This is the mail archive of the
gcc@gcc.gnu.org
mailing list for the GCC project.
Re: g77 performance on ALPHA
- To: martin.kahlert@provi.de, egcs@egcs.cygnus.com
- Subject: Re: g77 performance on ALPHA
- From: N8TM@aol.com
- Date: Sat, 28 Aug 1999 11:40:24 EDT
In a message dated 8/28/99 3:28:13 AM PST, martin.kahlert@provi.de writes:
> So, how could g77 be improved most easily?
> Is it a problem with the Haifa-scheduler? It seems to me that gcc
> can't take that much advantage from unrolling like Compaq's compiler.
As your code shows, gcc/g77 schedulers, either the old one or Haifa, don't do
much for pipelined processors which lack out-of-order execution or shadow
register re-mapping. They do fairly well on several out-of-order processors.
For example, my g77 code speeded up more with a change from R10000 to R12000
processor than the MipsPro code did, and I'm getting generally 80% of the
performance from g77 which I get from MipsPro f90 with a great deal of array
syntax optimization.
The trend in some of the processor families has been to make use of OOO etc.
to enable fast execution of simple object code. As the gnu compilers are
required to perform well on such processors, including those which have a
small set of registers directly available to the program, I suppose it's
unlikely that good performance will be obtained where such specialized code
generation is needed. The Pentium II processor runs quite well with the
-mpentiumpro option, which is the one which generates code compatible with
processors back to 486, but without skewing scheduling toward the older
models. This is particularly true of code which doesn't spend much time in
tight little loops.
A trend which goes along with the development of processor families is that
the compilers are tuned for the model which has the largest customer base
paying current support contracts and buying compilers.

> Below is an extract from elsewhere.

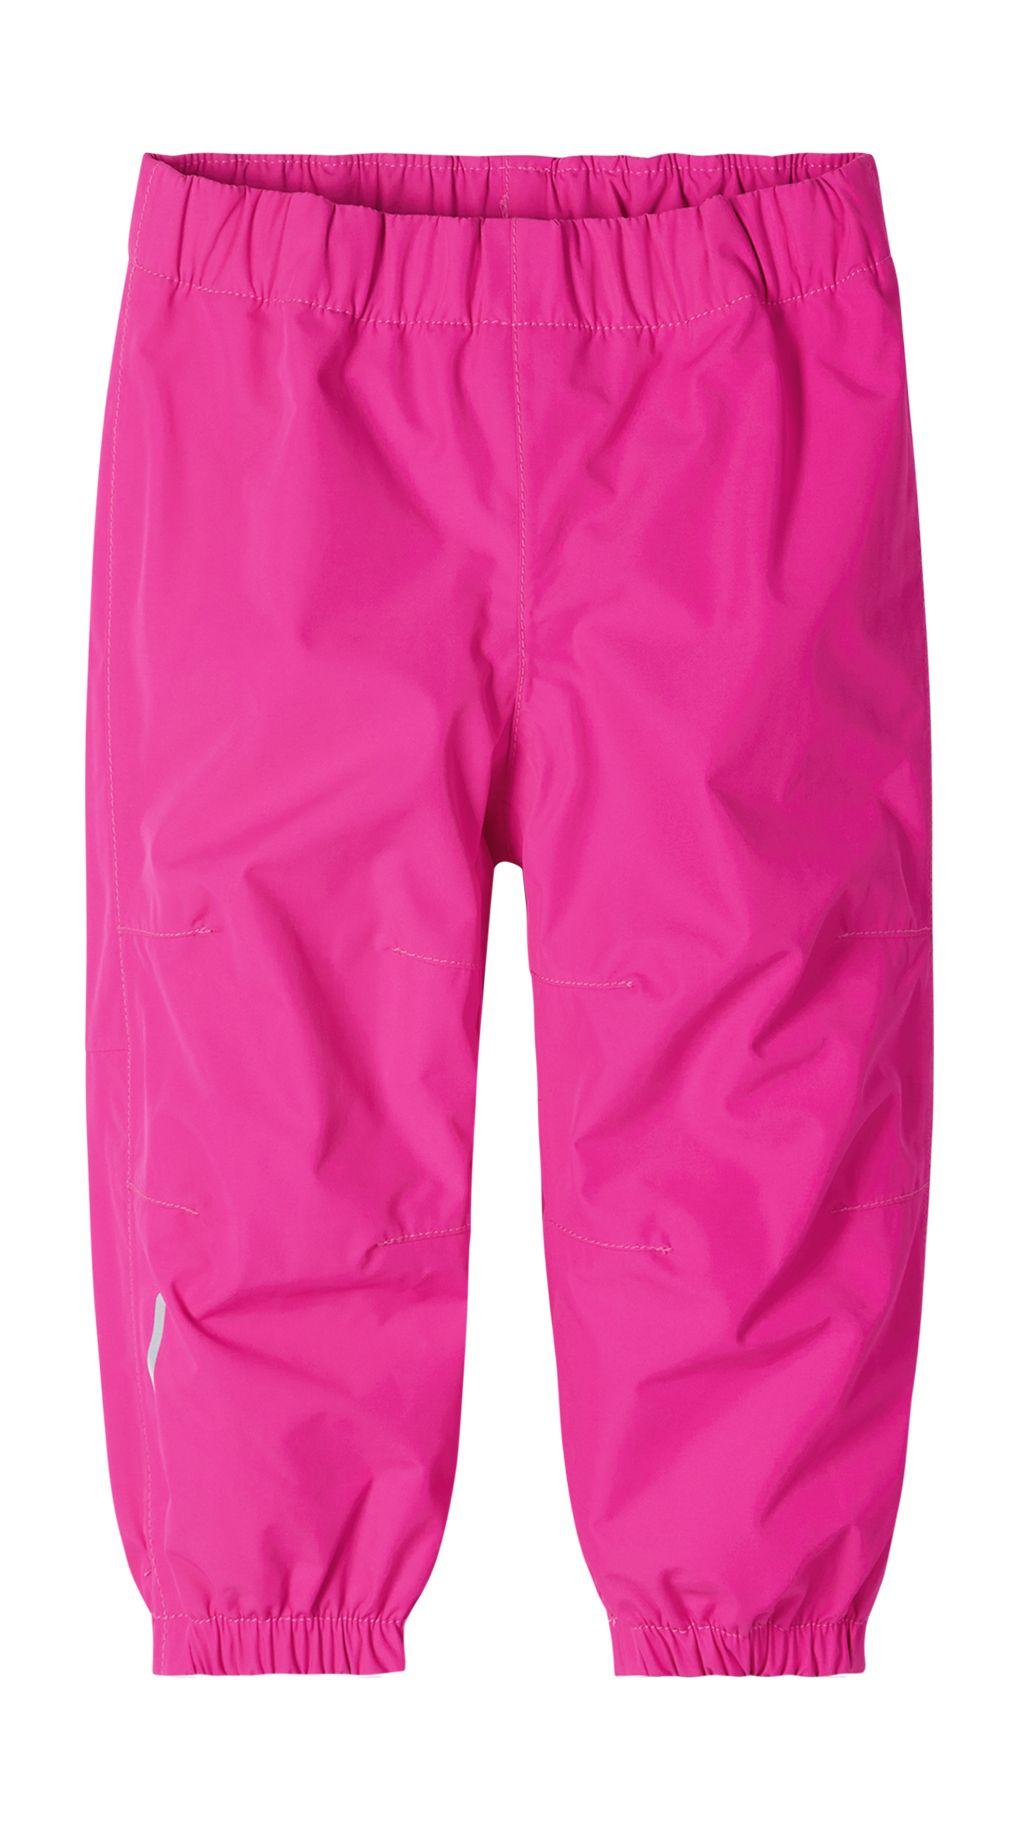 REIMA Kaura Fuchsia Pink 128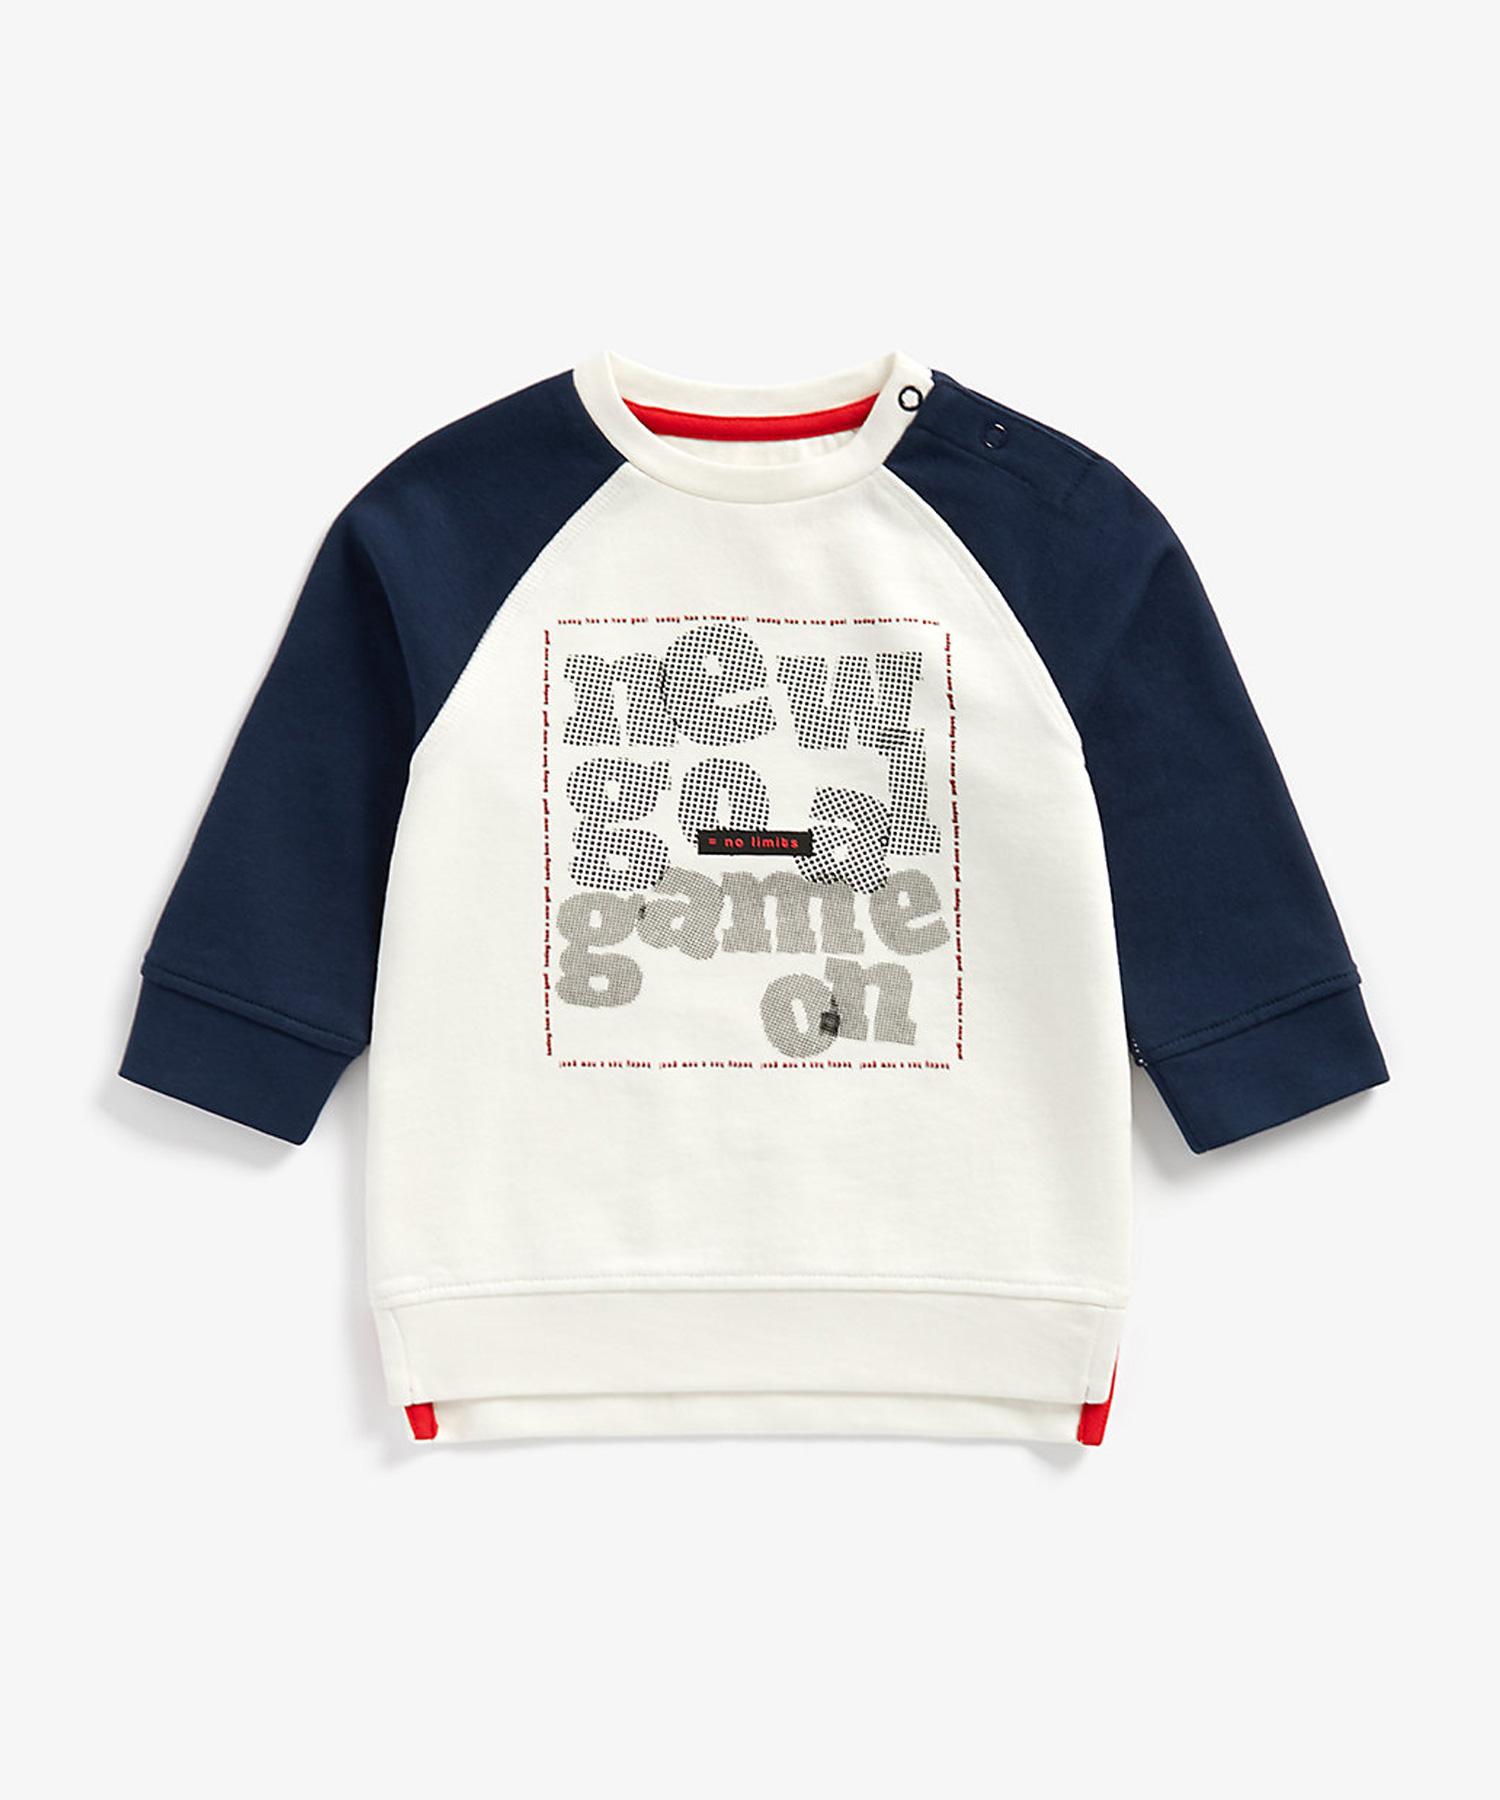 Mothercare | Boys Full Sleeves Sweatshirt Slogan Print - White

For example, the
current MipsPro compilers have lost performance on the last Mips models which
lack OOO, even though the architecture switches are retained. g77 never got
even 40% of the speed of the chip vendor's compilers on those older models,
and I'm sure that the vendors weren't thinking of g77 when they developed
better hardware which depends less on code tuning.
If the resources were available, I would rather see effort spent on compiler
transformations such as outer unrolling than on targeting specific CPU models.
Tim
tprince@computer.org